In Vivo‐Derived Metrics
Of the 200 biliary sequence scans taken, 180 scan reports were available for statistical analysis, a scan success rate of 90%. Of the 200 gallbladder sequence scans taken, 195 scans reports were available for analysis, a scan success rate of 97.5%.
Repeatability and Reproducibility of Biliary Metrics
Quantitative MRCP revealed moderate repeatability in the reference scanner, in gallbladder volume (bias –3.0 mL, 95% LoA of –13.2 to 7.3 mL, RC = ±14.5 mL) and biliary tree volume (bias –0.1 mL, 95% LoA of –3.5 to 3.4 mL, RC = ±4.9 mL). Moderate reproducibility was also observed across scanners in most measurements, including biliary tree volume, an example being Siemens Prisma vs. GE discovery 750 bias 0.7 mL, 95% LoA of –1.5 to 2.8 mL, RC = ±3.0 mL. The Bland–Altman scatterplots of repeatability and reproducibility of the biliary tree volume measurements can be seen in Fig. 5b,d, the remainder of the data are listed in Tables S13 and S14 in the supplementary files.
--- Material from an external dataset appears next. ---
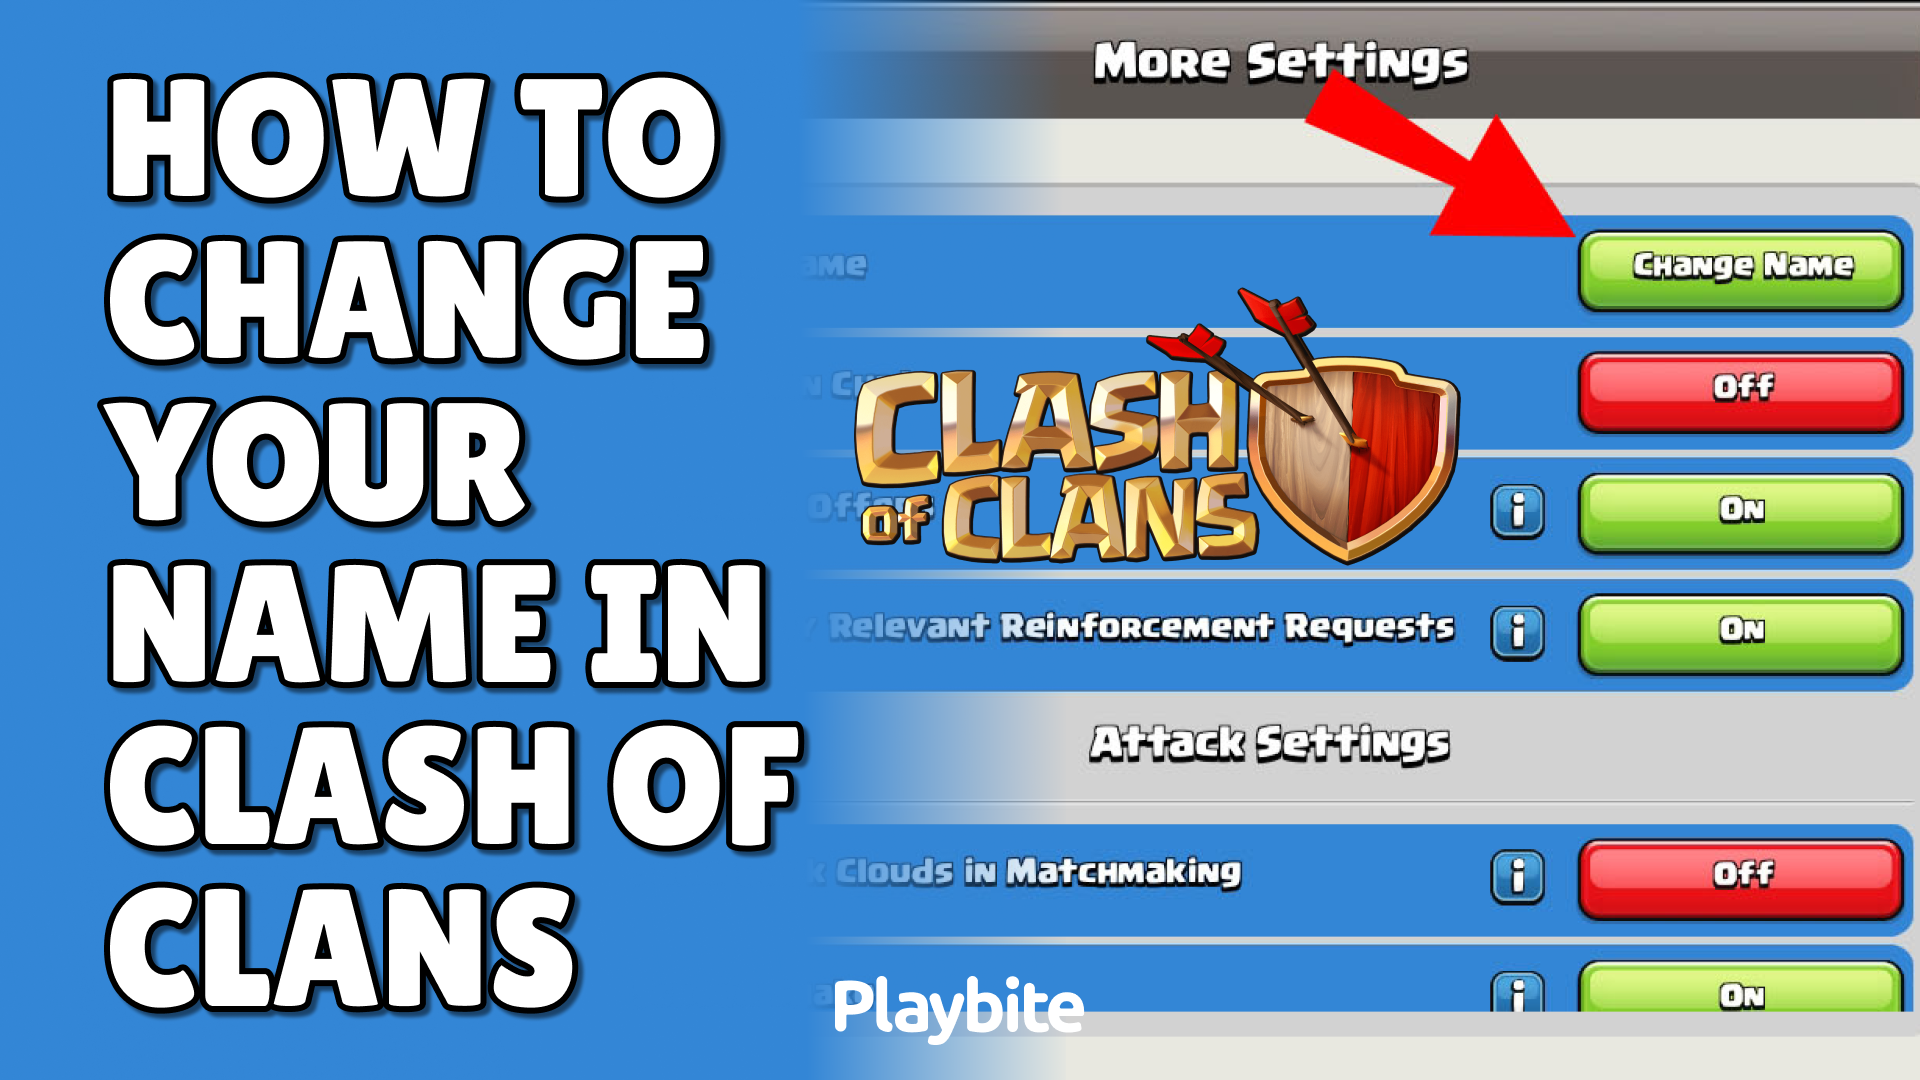 How To Change Name In Clash Of Clans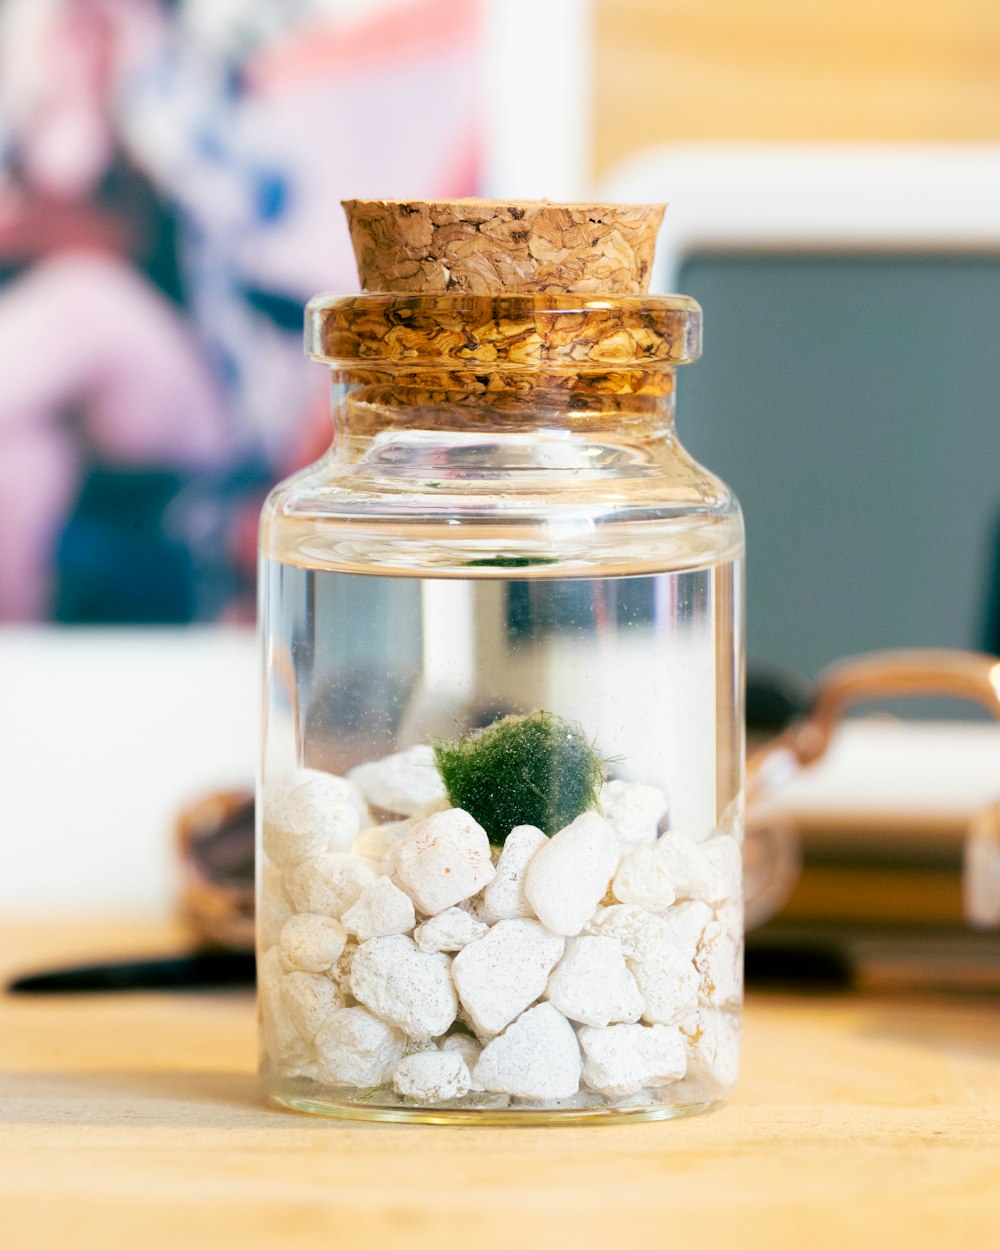 a glass jar filled with white and green rocks

Interoperator agreement was high for gallbladder volume (bias 0 mL, 95% LoA of –0.7 to 0.6 mL), tree volume (bias –1.6 mL, 95% LoA of –6.8 to 3.6 mL), and other metrics, as can be seen in Table S15 of the supplementary tables. Quantitative MRCP revealed a high intraoperator agreement in most measurements such as the gallbladder (bias 0.0 mL, 95% LoA of 0.0 mL to 0.0 mL) and biliary tree volume (bias 0.2 mL, 95% LoA of –0.6 to 0.9 mL), with other metrics listed in Table S16 in the supplementary files.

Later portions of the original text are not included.